Asserting on the wrong layer. Teams that do think to add tool-response validation often write assertions at the parsing layer: "the response was JSON and had a results key." That catches catastrophic breakage but not the interesting cases. The contract you want is closer to "if the request is query=X, the response has at least one row whose region field equals Y," because that's the level the agent actually reasons over.

Contracts as documentation, not gates. The contract sits in a repo, no CI runs it, the schema drifts, and three engineers separately rediscover it during incident reviews. If the contract doesn't fail a build, it's not a contract — it's a folk tale.

Pretending tools are deterministic. Some tools — search, recommendations, anything ranked — are non-deterministic by design. Treating their response as a fixed schema you can pin a contract to is correct; treating their response content as a fixed value is not. Separate the schema contract (always enforce) from the content assertion (sample-based, fuzzy match, or skip).

The Architectural Bet Worth Making

If you internalize one thing from this, make it this: every tool response is a silent prompt mutation. The mental model that says "tool calls are I/O" is correct at the bytes layer and wrong at the cognition layer. At the cognition layer, the schema your tool returns is fused into the planner's working context every step it runs. A field rename is a prompt edit nobody approved.

Contract testing in microservices took off because the cost of a contract violation was a 500 error a customer noticed in seconds. In the agent era, the cost is a quietly degraded answer that ships at machine speed and gets caught days later if it gets caught at all.

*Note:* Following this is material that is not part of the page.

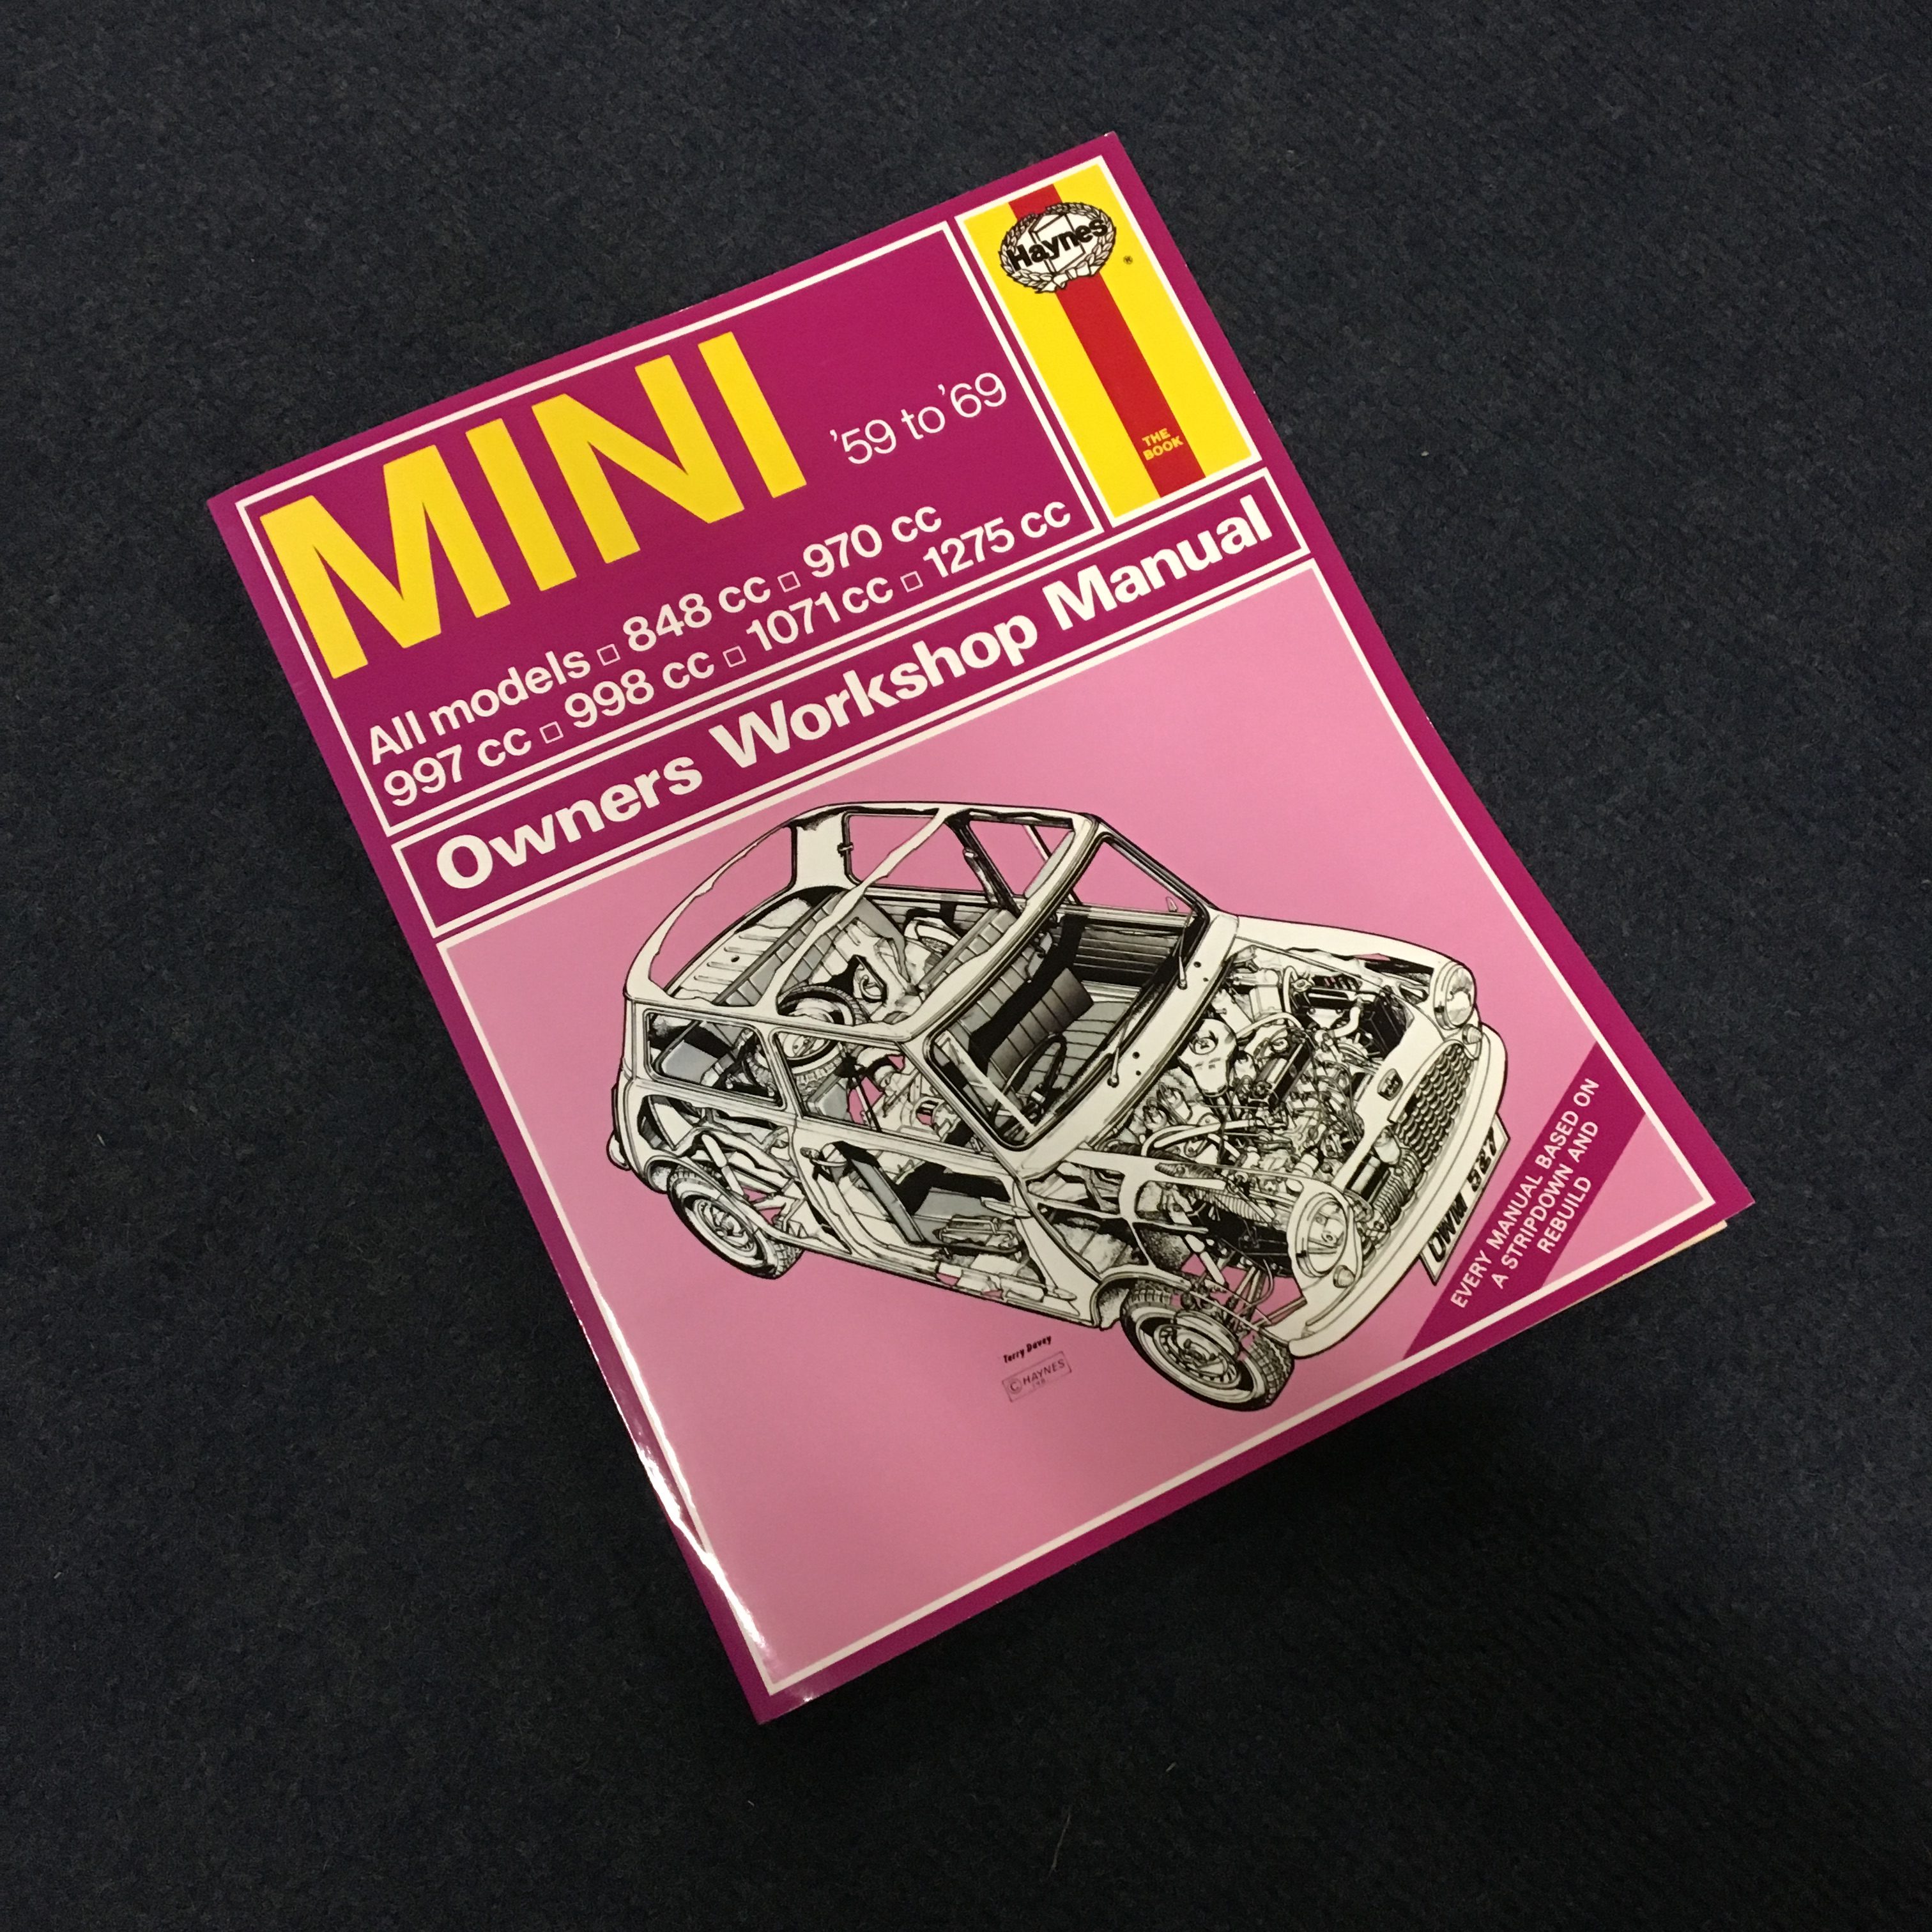 Mini Cooper S Haynes Manual

The economic incentive to invest in tool contracts is therefore higher in agents than in microservices, even though the discipline is less mature.

A reasonable place to start this week: pick the one tool your agent depends on most, write down the four to six fields it actually reads from the response, generate a fixture, wire a CI job that replays a golden trace against the live tool nightly, and add three adversarial mutators that drop, null, and type-shift the most load-bearing field. You will catch a regression before your users do. After that, repeat for the next tool. The platform you end up with looks a lot like Pact for agents, and somebody is going to build the open-source version of it before the year is out.